0

I am doing analysis using pyspark dataframe.

There is one column was called: json_data. It looks like this:

enter image description here

Then I tried to convert it as a dictionary type format using following code:

from pyspark.sql.functions import udf
func = udf(lambda x: eval(x))
df_beer = df_beer.withColumn('json_data_new', func(df_beer.json_data))

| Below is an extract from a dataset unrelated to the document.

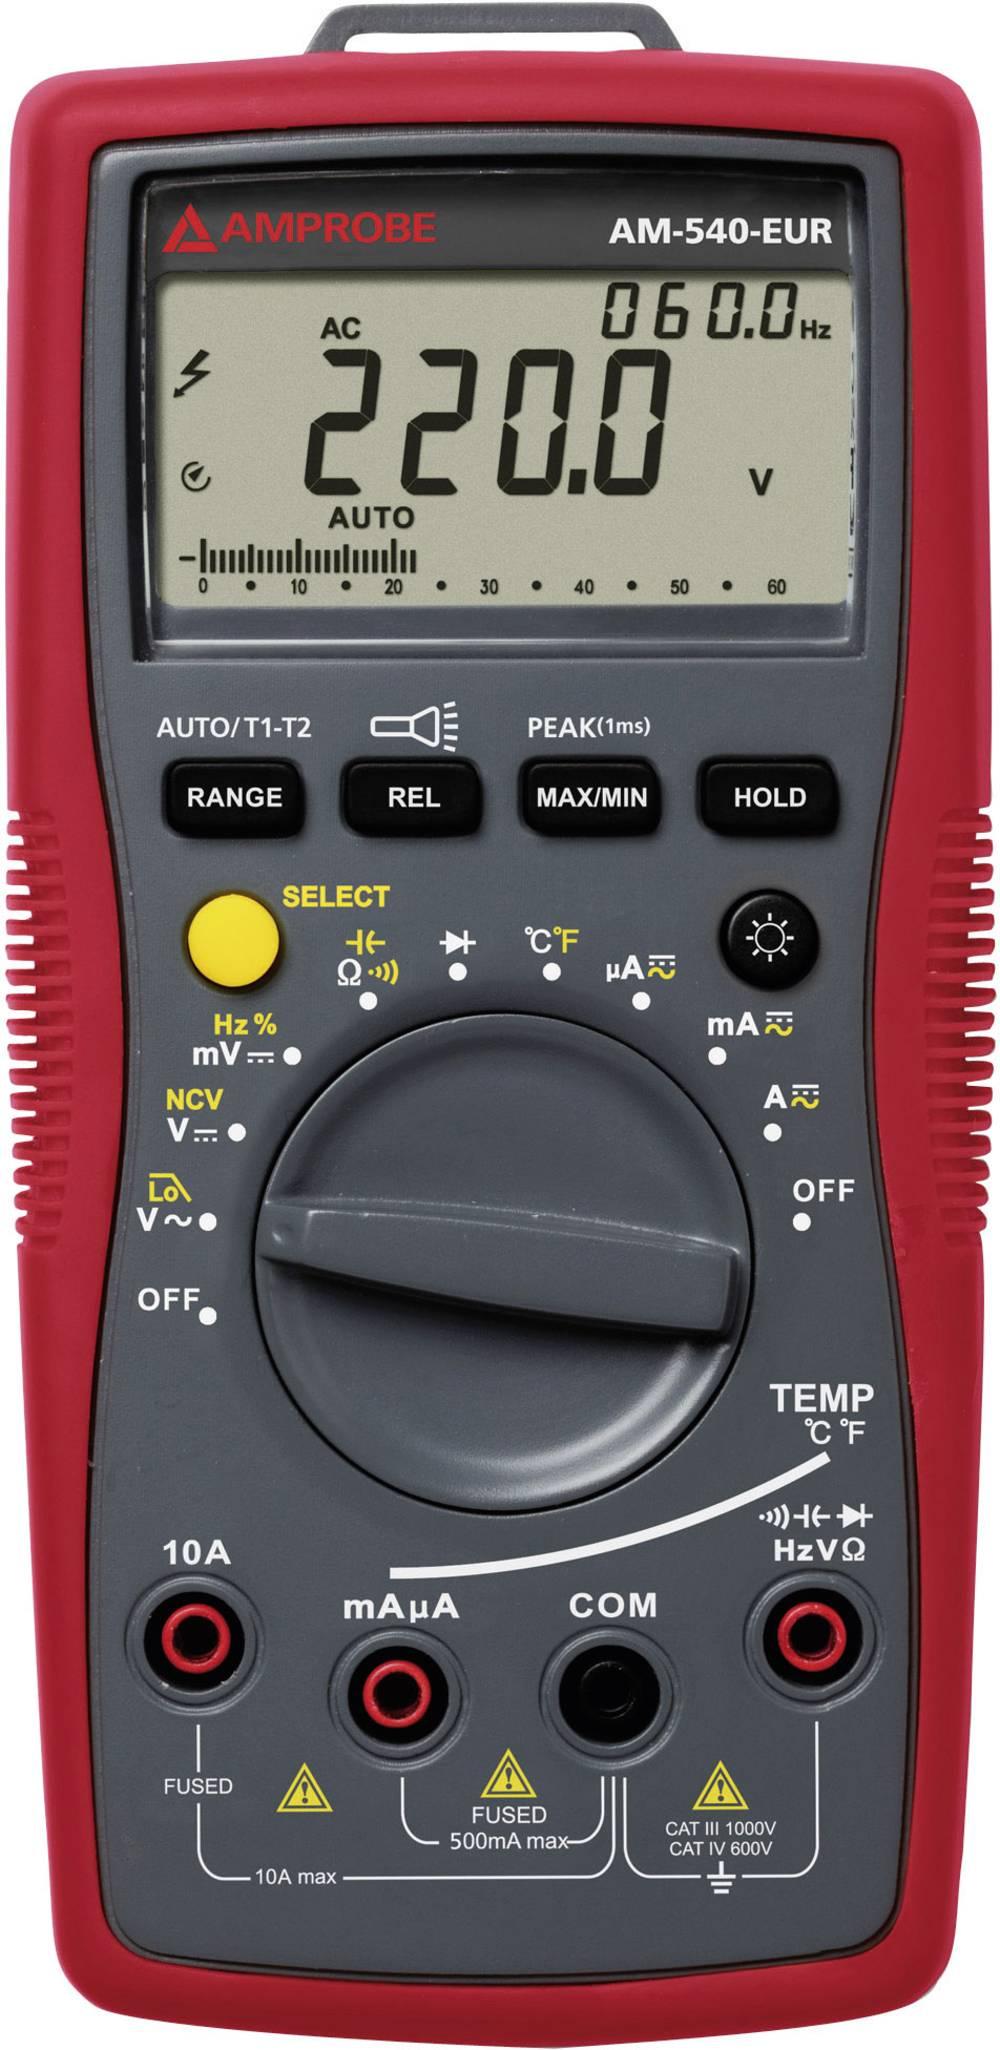 Ročni multimeter, digitalni Beha Amprobe AM-540-EUR kalibracija narejena po: delovnih standardih, CAT III 1000 V, CAT IV 600 V š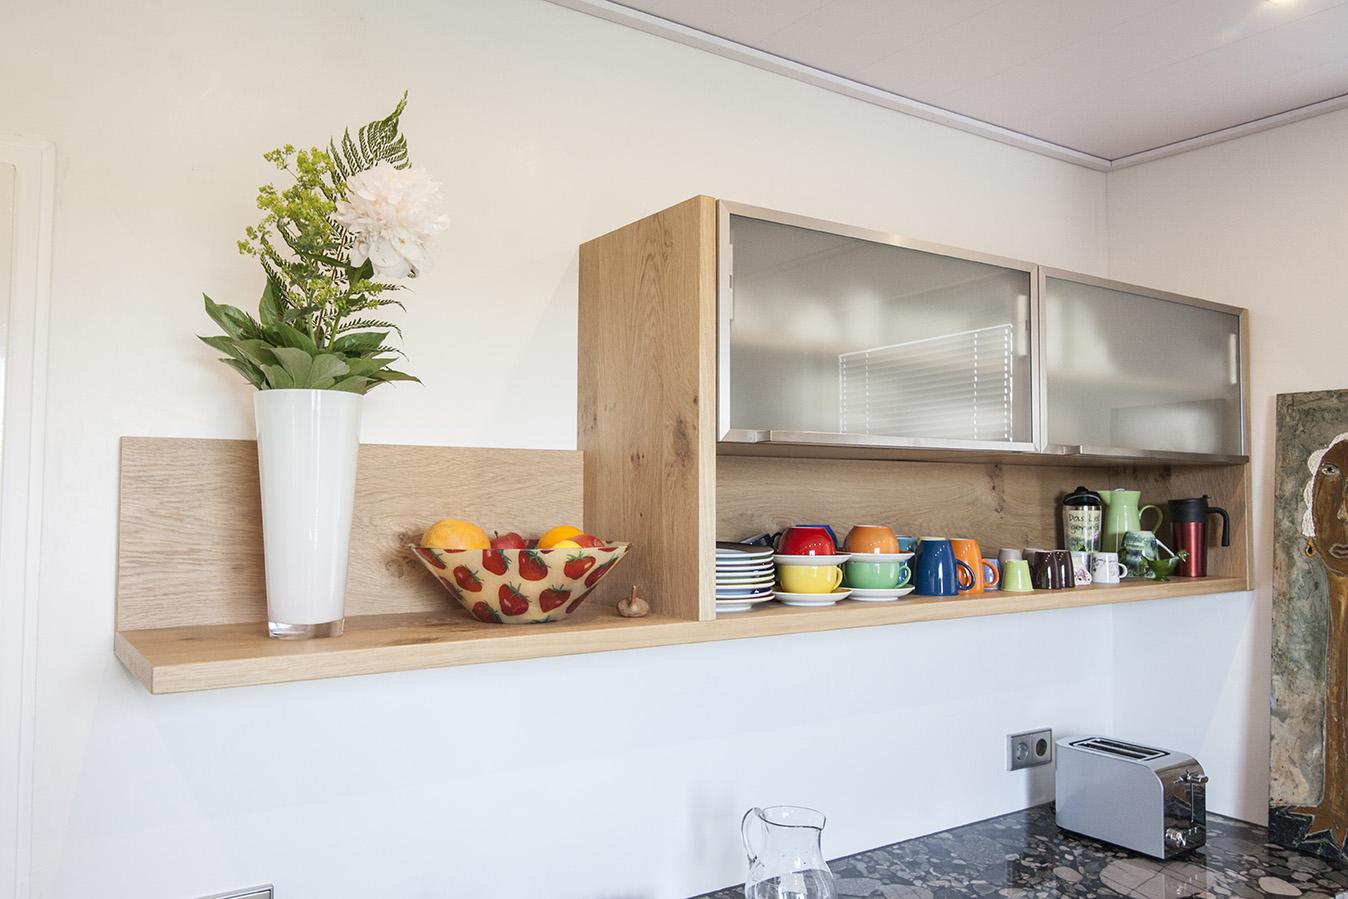 Дизайн кухни с подвесными шкафчиками 2019

After conversion, the new column 'json_data_new' looks like this

enter image description here

Then I checked the data type of the old and new columns, both of them are still string type. enter image description here

Question: How can I extract the numbers linked to the key "2_QTDE" and save it as a new column?

I knew it is a json like string, and I had a hard time dealing with this format.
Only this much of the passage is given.